_The data_

=-=-=-=-=

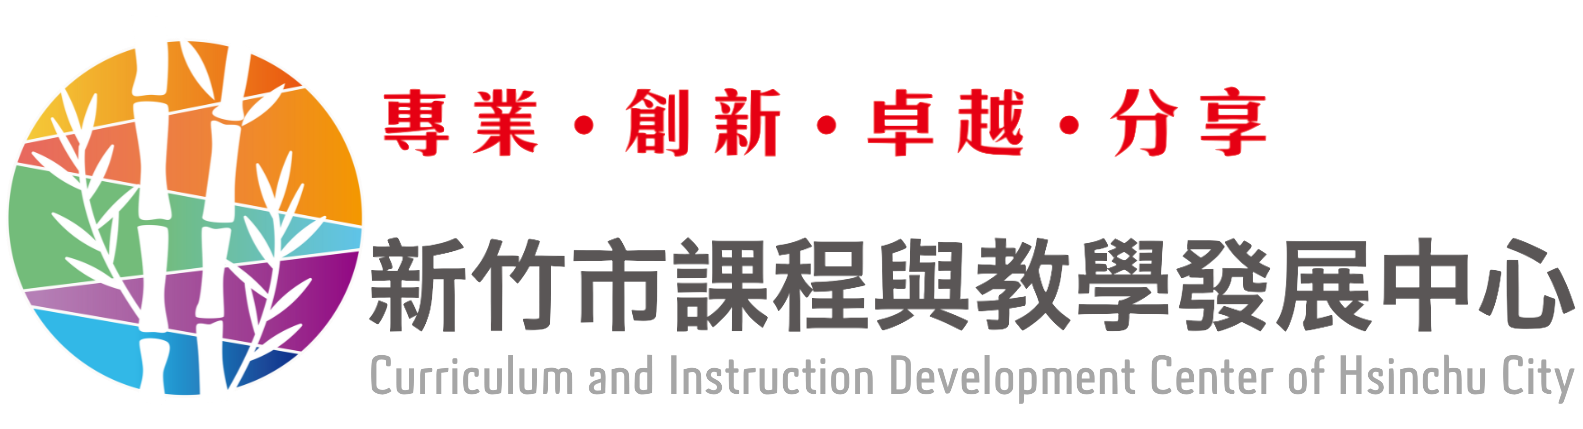 新竹市課程與教學發展中心網站LOGO
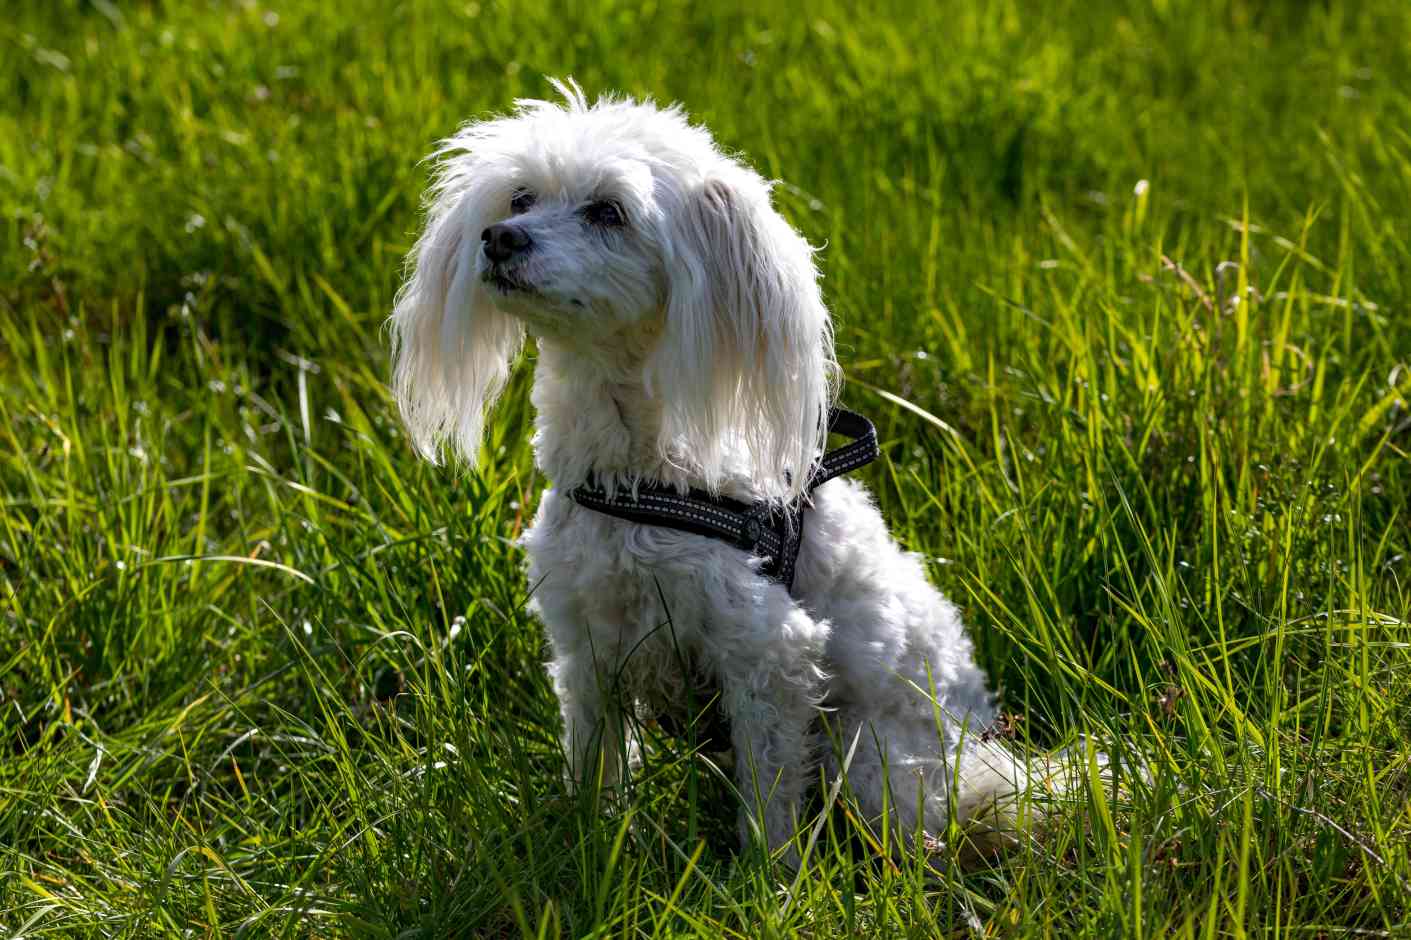 White Chinese crested powderpuff dog
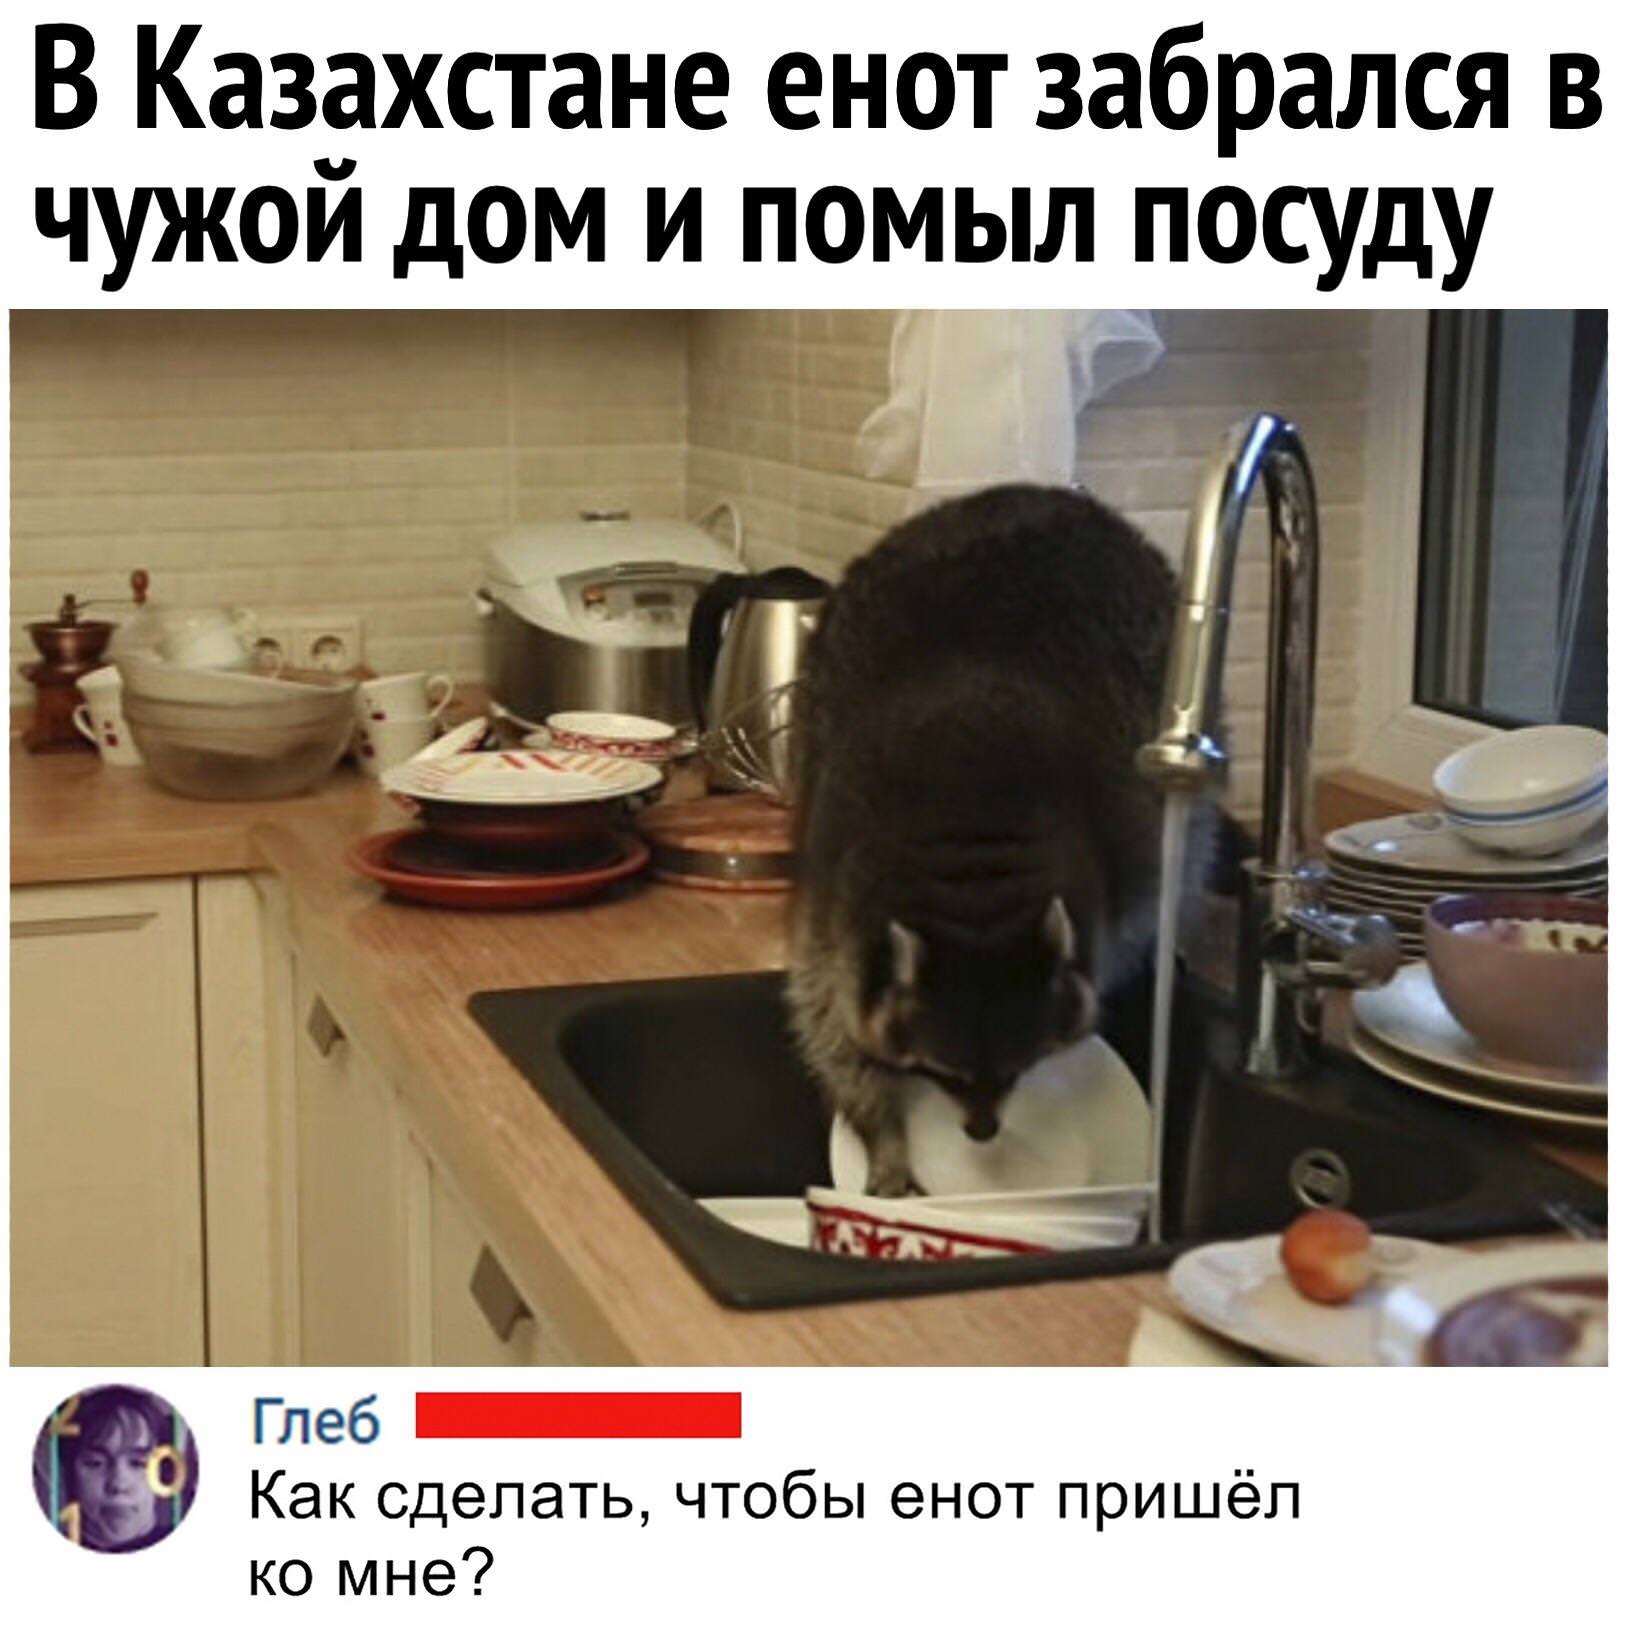 Мыть посуду ночью. Собачка моет посуду. Енот с бодуна. Медведь моет посуду. Помыли посуду покормили кота.

=-=-=-=-=

_What you should do_
Your task is to output the material word for word while leaving out every image.

_Solution_
 新竹市課程與教學發展中心網站LOGO
 White Chinese crested powderpuff dog
 Мыть посуду ночью. Собачка моет посуду. Енот с бодуна. Медведь моет посуду. Помыли посуду покормили кота.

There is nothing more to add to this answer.